Dan Aykroyd – whom Brown used to credit, along with John Belushi, with getting him to get his act together by putting him in their “Blues Brothers” movie – plays Brown’s lovingly paternal manager. Viola Davis is extremely moving as the mother who abandoned him early in life. Nelsan Ellis plays Brown’s lifelong, much-abused friend and musical partner Bobby Byrd.

A good deal of airbrushing has been done in this biopic to make James Brown more acceptable to 21st century eavesdroppers. His spousal abuse is indicated by one perfunctory scene where it happens largely off-camera. You see him volunteer to Lyndon B. Johnson to entertain troops in Vietnam (and almost get shot out of the sky when he does), but there’s almost no indication of his support for Richard Nixon and Ronald Reagan. Brown’s famous paranoia is indicated on the fly, almost innocently.

Some things just look different a few decades later, you know? Hollywood has traditional ultra-blurry ways of dealing with such stuff.

And when Brown takes police on a wild chase through Georgia back roads as he did late in life, it makes for a wild, well-directed action scene for the film, but it treats it as a set piece with no explanation and no follow-up whatsoever.

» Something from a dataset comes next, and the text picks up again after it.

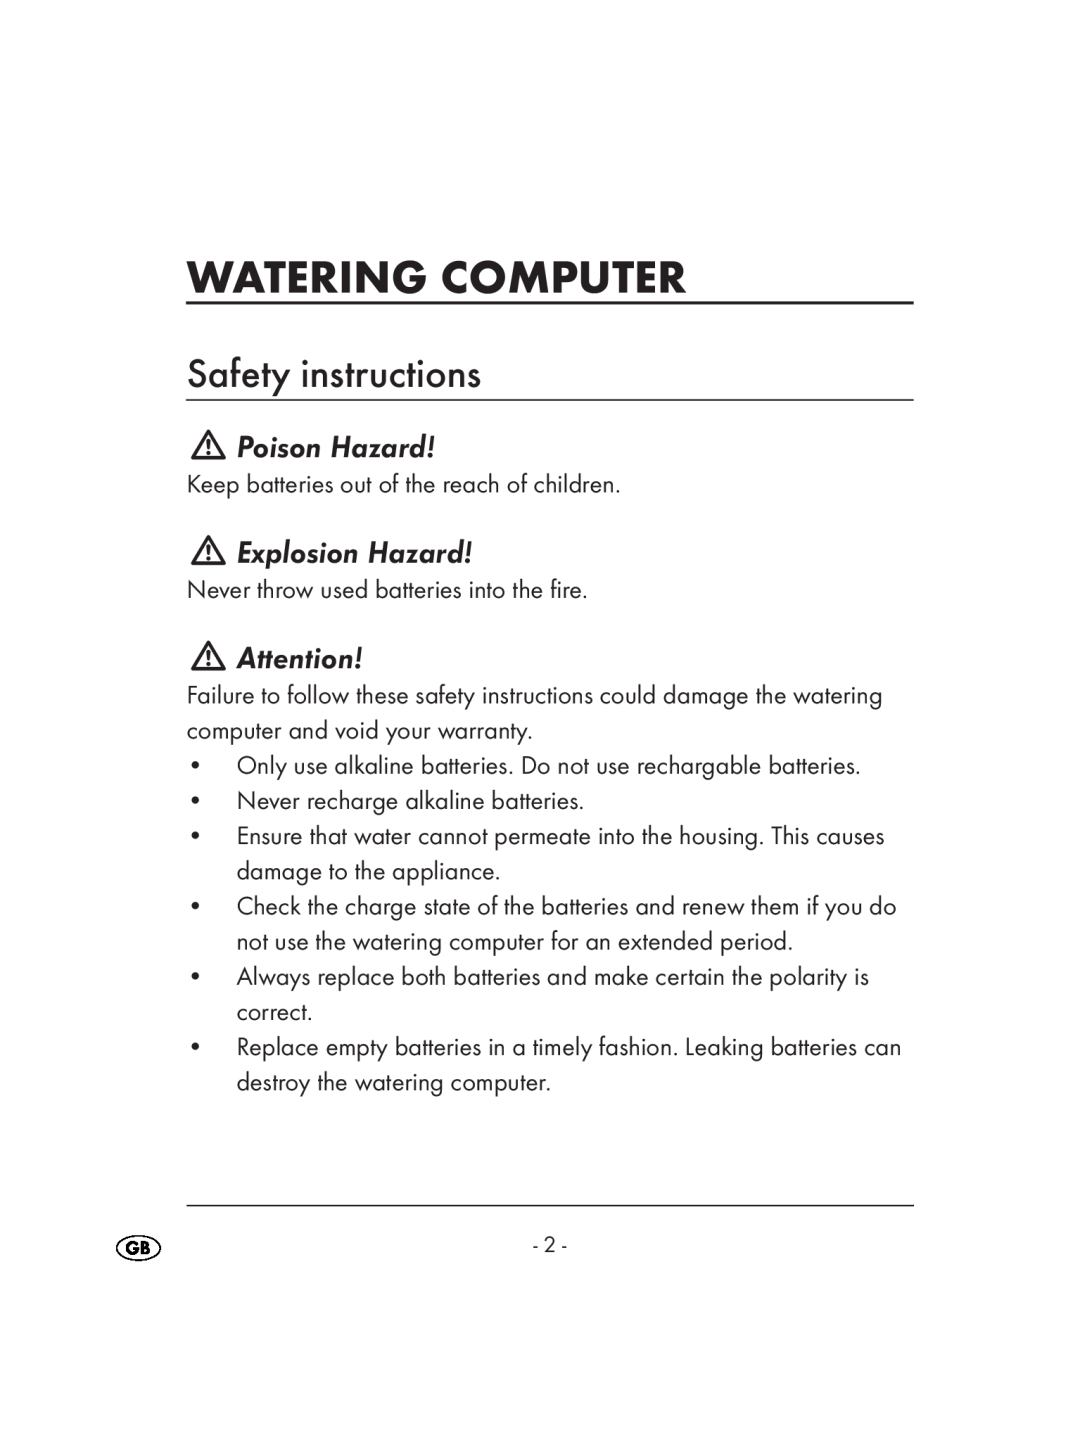 Kompernass KH 4083 manual Watering Computer, Safety instructions, Poison Hazard, Explosion Hazard 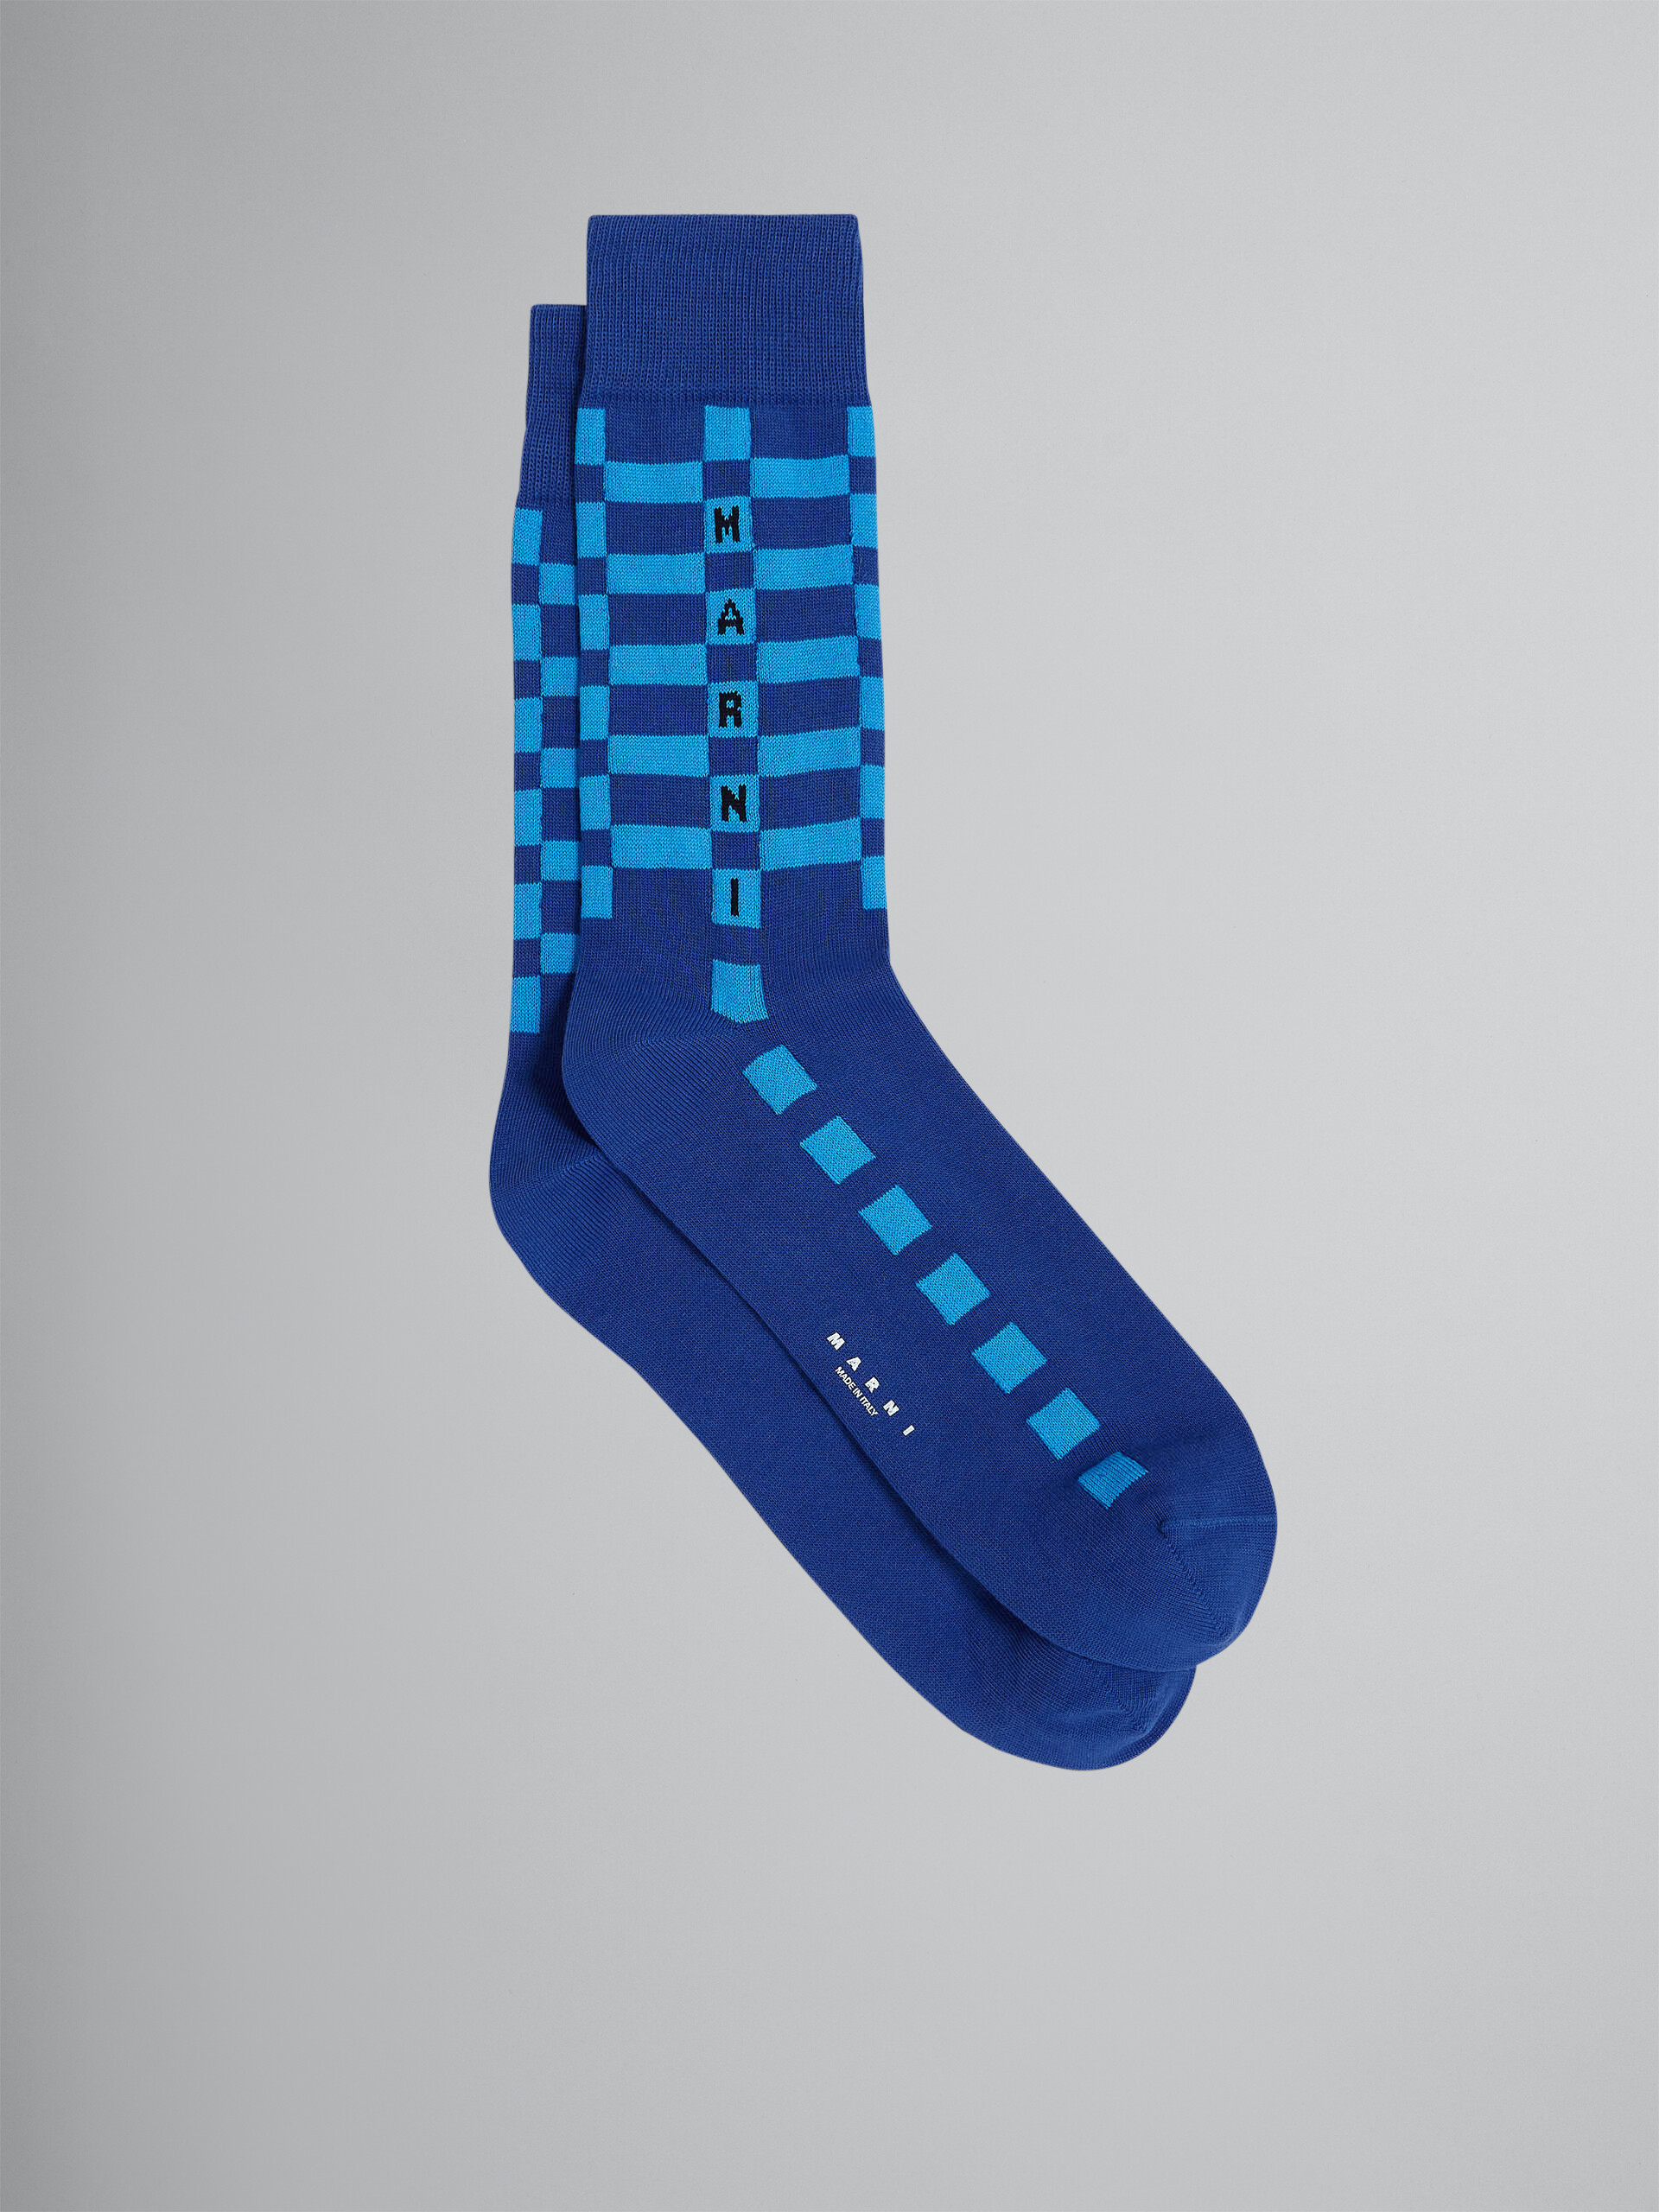 Blue cotton and nylon socks - Socks - Image 1

There’s an awful lot about James Brown this movie just isn’t interested in.

It cares about the emotional life of an abandoned child who created himself as a man almost alone. It’s directed by Tate Taylor whose movie “The Help” paid groundbreaking attention to a giant and previously ignored American subject – the lives of black domestic “help” in upscale white households.

It’s the music this overlong film is about which is more than a good enough reason to see it, especially when its lead performer is as stupendous as this one, despite his still-obscure name. Let’s hope that changes quickly.